Summary judgment is appropriate if "the pleadings, depositions, answers to interrogatories, and admissions on file, together with the affidavits, if any, show that there is no genuine issue as to any material fact and that the moving party is entitled to judgment as a matter of law." Fed.R.Civ.P. 56(c). The moving party bears the initial burden of demonstrating the absence of an issue of material fact. Celotex Corp. v. Catrett, 477 U.S. 317, 323 (1986). Once the moving party has met this initial burden, the burden shifts to the non-moving party to set forth specific facts showing a genuine issue exists for trial. Fed.R.Civ.P. 56(e); Hernandez v. Spacelabs Med. Inc., 343 F.3d 1107, 1112 (9th Cir. 2003). Where the evidence, viewed in the light most favorable to the non-moving party, presents a genuine issue of material fact, then summary judgment must be denied. Fontana v. Haskin, 262 F.3d 871 (9th Cir. 2001).

B. Most of Plaintiff's Claims Survive Summary Judgment.

Defendants assert that they are entitled to summary judgment on Exendine's claims against Soderstrom and Sawtelle under 42 U.S.C. § 1983 for false arrest and excessive force because Exendine's arrests were supported by probable cause and the force used was reasonable. Because Defendants contend that the arrests and the use of force were lawful, they also contend that the other related tort claims must be dismissed.

A plaintiff may bring a claim under Section 1983 to redress violations of his or her "rights, privileges, or immunities secured by the Constitution or [federal] laws" by a person or entity acting under the color of state law. 42 U.S.C. § 1983; Awabdy v. City of Adelanto, 368 F.3d 1062, 1066 (9th Cir. 2004). The Constitution protects a suspect from warrantless arrest unless there is probable cause for a law enforcement officer to believe that a criminal offense has been or is being committed. Devenpeck v. Alford, 453 U.S. 146, 152 (2004).

The Constitution also protects a suspect from the officer's use of excessive force in the course of an arrest. Graham v. Connor, 490 U.S. 386, 395 (1989). To determine whether force is excessive, a court must balance the amount of force used against the governmental interests at stake. Davis v. City of Las Vegas, 478 F.3d 1048, 1054 (2007). A court's evaluation of governmental interests at issue in a particular case should include an assessment of the Graham factors, which include the severity of the crime, whether the suspect poses a threat to the safety of the officers, and whether the suspect attempts to flee or actively resists arrest. Id. (citing Graham, 490 U.S. at 396).

1. There are Disputed Issues of Material Fact Regarding Probable Cause and Excessive Force.

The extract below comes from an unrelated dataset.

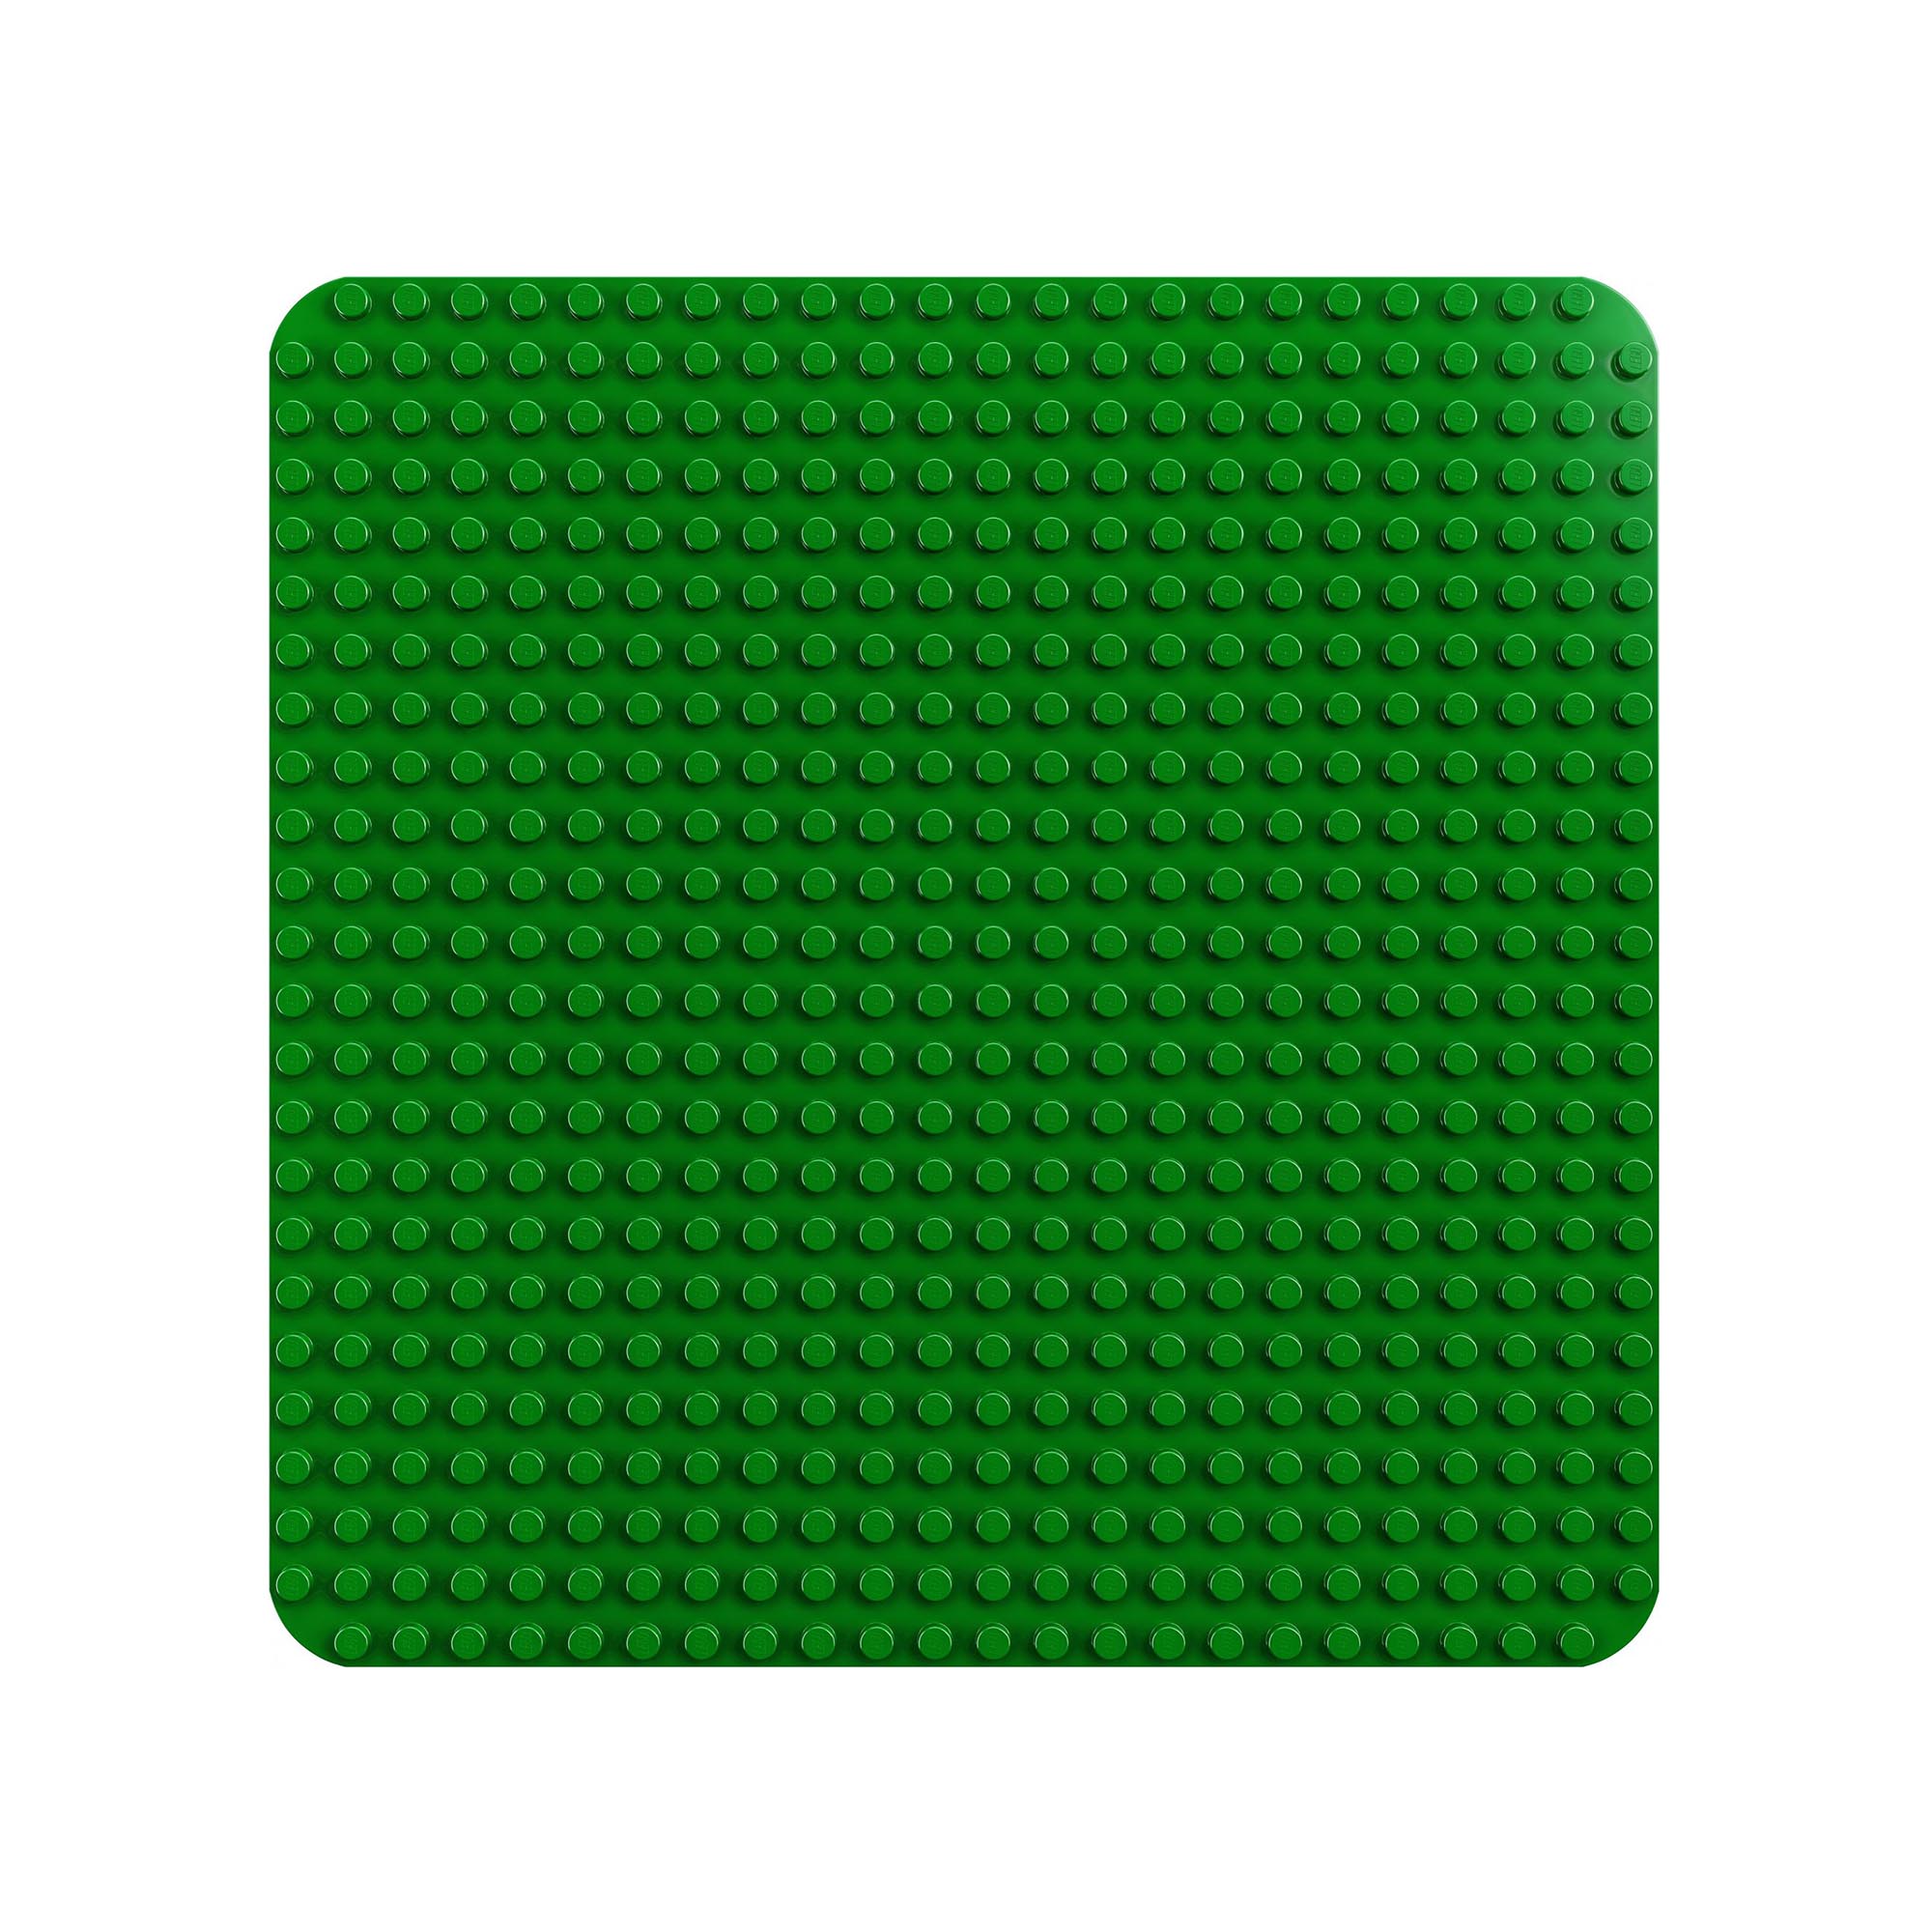 LEGO DUPLO Base Verde, Tavola Classica per Mattoncini, Piattaforma Giocattolo, S 10980, , large

As noted earlier in this order, Exendine and the deputies present versions of the facts that differ in many ways, some of them material and some not. One material fact dispute is whether the deputies had reason to believe that Exendine committed a traffic infraction before he was pulled over on May 3. Assuming he did not, as he contends, the deputies had no reason to initiate contact with Exendine. Defendants argue that Exendine's assertions should not be believed because the court would be required "to believe that two experienced law enforcement officers initiated a traffic stop for no apparent reason and then lied about it under oath both in sworn deposition testimony and declarations signed under the penalty of perjury." Defts.' Reply at 6. This is true, but believing the deputies' assertions would require the court to believe that Exendine and his wife lied under oath. This credibility determination must be made by the fact-finder at trial, not on a summary judgment motion. See Smith v. City of Hemet, 394 F.3d 689, 701 (9th Cir. 2005) (holding that summary judgment is inappropriate in cases that turn on credibility determinations).

The parties' versions of the facts also differ as to the April 8 arrest. Soderstrom claims to have believed he had probable cause to arrest because Exendine refused to move his truck to allow Soderstrom to pass and because Exendine ran away when Soderstrom tried to order him to move his truck. Soderstrom Decl. ¶¶ 5-6. Exendine claims his truck did not block Soderstrom's car, such that Soderstrom could have driven away if he wanted to. See Exendine Decl. ¶ 16. Exendine also denies running away from Soderstrom. Exendine Decl. ¶ 24. These factual disputes are material to a determination as to whether Soderstrom had probable cause to arrest Exendine on April 8.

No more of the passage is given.